ある日来店した客は、自分はカメラマンだと名乗り、ヒカルの宣伝用の写真を撮らせて欲しいと営業を掛けて来る。美雪曰く、彼は美波がこの世から消える原因を作った男だと言う。
プロのマジシャンとして彼をあしらったその日、盲目のマジシャン ジェフは、ヒカルにロボットを預ける。ミチルと言う少年を。

 第二話 ビー・アワ・ゲスト
ヒカルはレストラン≪ル・マニフィック≫で働き始めた。ロボットを巧みに使い、サービスを追求する新感覚の店。ヒカルのマジックも、新繊維や折り紙、照明やロボットの協力も得て新しい局面を迎えて行く。小説家の熊谷さんがイラストレーターの桜井さんに、思いを伝えるためにも。

 第三話 折れた魔法の杖
ミチルがいなくなった。

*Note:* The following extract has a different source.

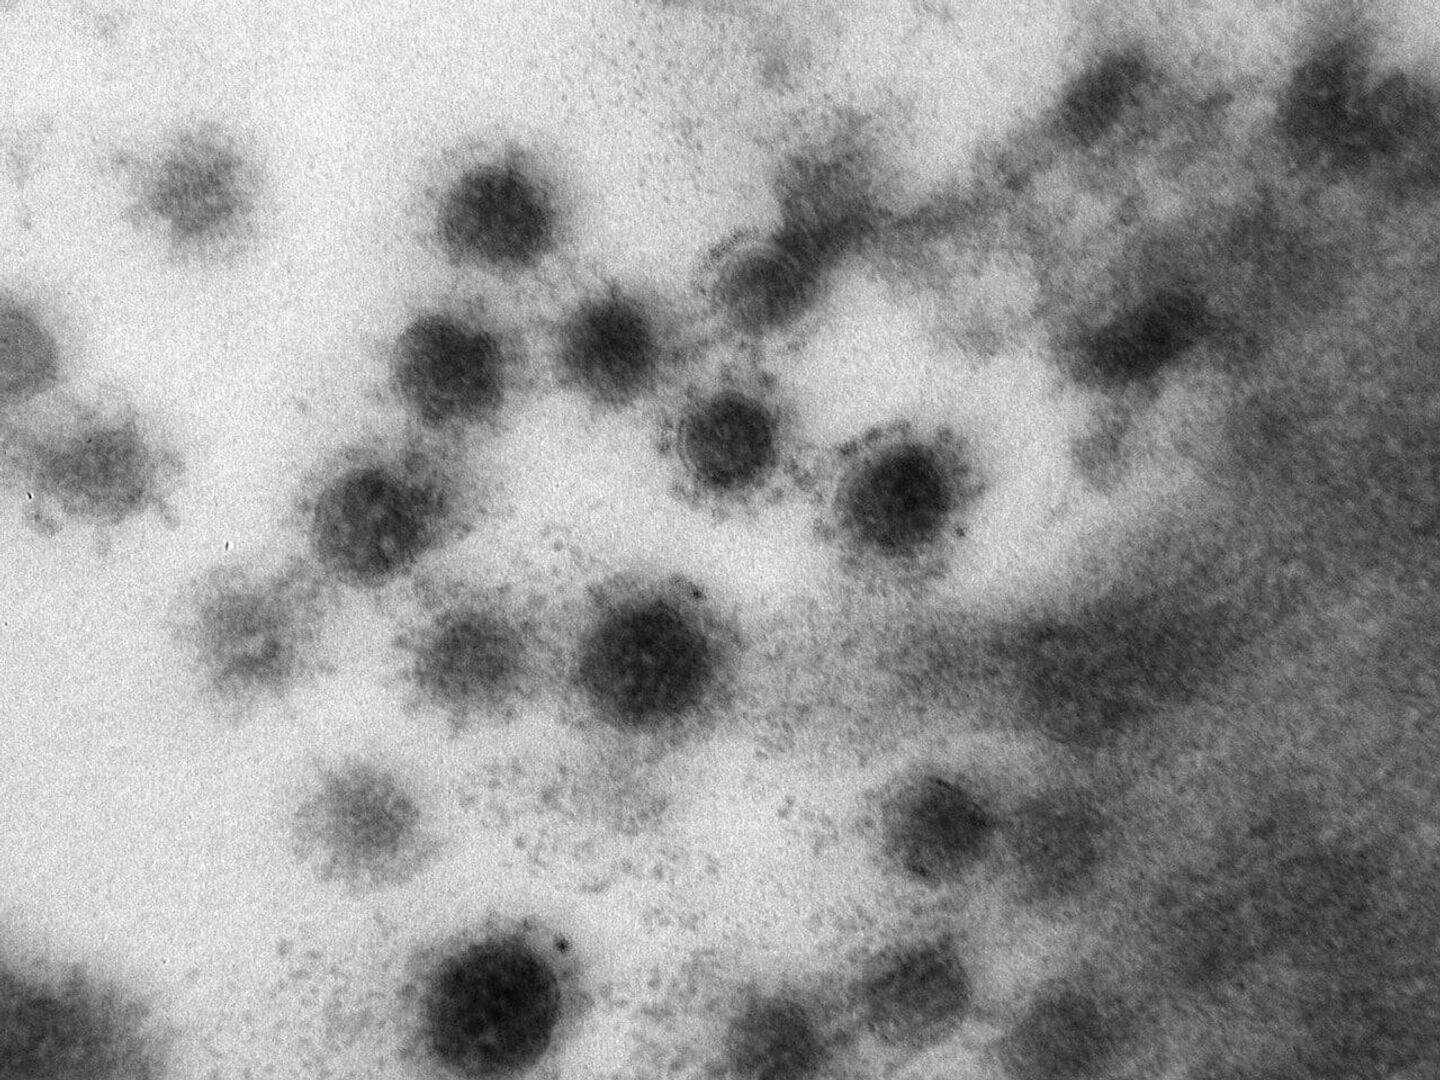 Ковид 13. Вирус Covid 19 под микроскопом. Дельта штамм коронавируса под микроскопом. SARS-cov-2 Дельта штамм. Вирус коронавирус микроскоп.

右腕だけを残して。ヒカルはミチルを探してミチルに縁のある大阪大学東北大学を訪ね歩く。ミチルの前身のロボット ケンイチや、彼がミチルに残した空の映像を知るヒカル。そしてヒカルは、リハビリ施設でマジックをしているミチルを見つける。

 第四話 スリー、ツー、ワン
ヒカルの母校で、美波の幽霊が出るという噂が流れているらしい。この世ではない別次元に行けるのだ、と自殺志願者も増えているのだとか。噂の元凶になっているのはロングラン公演が続いている舞台『マジック』と、ヒカルの元の職場≪ハーパーズ≫。ヒカルは≪ハーパーズ≫を訪ね、自分の高校の後輩がマジシャンとしてバイト勤めしていることを知る。…


 優しい文章を書くようになったよなぁ、瀬名さん。
 三題噺のようですね、ロボットとマジックと折り紙と。劇中に出てくる物語にしてもトールキンだのエンデだの、まぁツボをついてくること(笑)。そうそう、アニメ『電脳コイル』も連想しました。
 マジックは好きです。大仕掛けのものではなく、シンプルなテーブルマジックが。ただ、この作品に関する限り、映像がなかなか見えて来なくてですね、分からない所が結構ありました; これ、映像化してくれないかなぁ、数々のマジック、見てみたいなぁ。
 ケンイチくんの名前が出た所でおお、とちょっと感動しつつ。後継機種(?)がミチル(ミッチィ)というのは、やはり手塚治虫を意識してるのかしら、それは勘繰り過ぎかな。
 美波の消え方には、そりゃないわ、酷いわ、と思いましたね~。トラウマになるよ、これは。最後で救いになったのかな、でも現実世界で彼女は飛び降りてる訳だしなぁ。
 劇中劇ウィリアム・ゴールドマン著『マジック』は、読んでみたくなりました。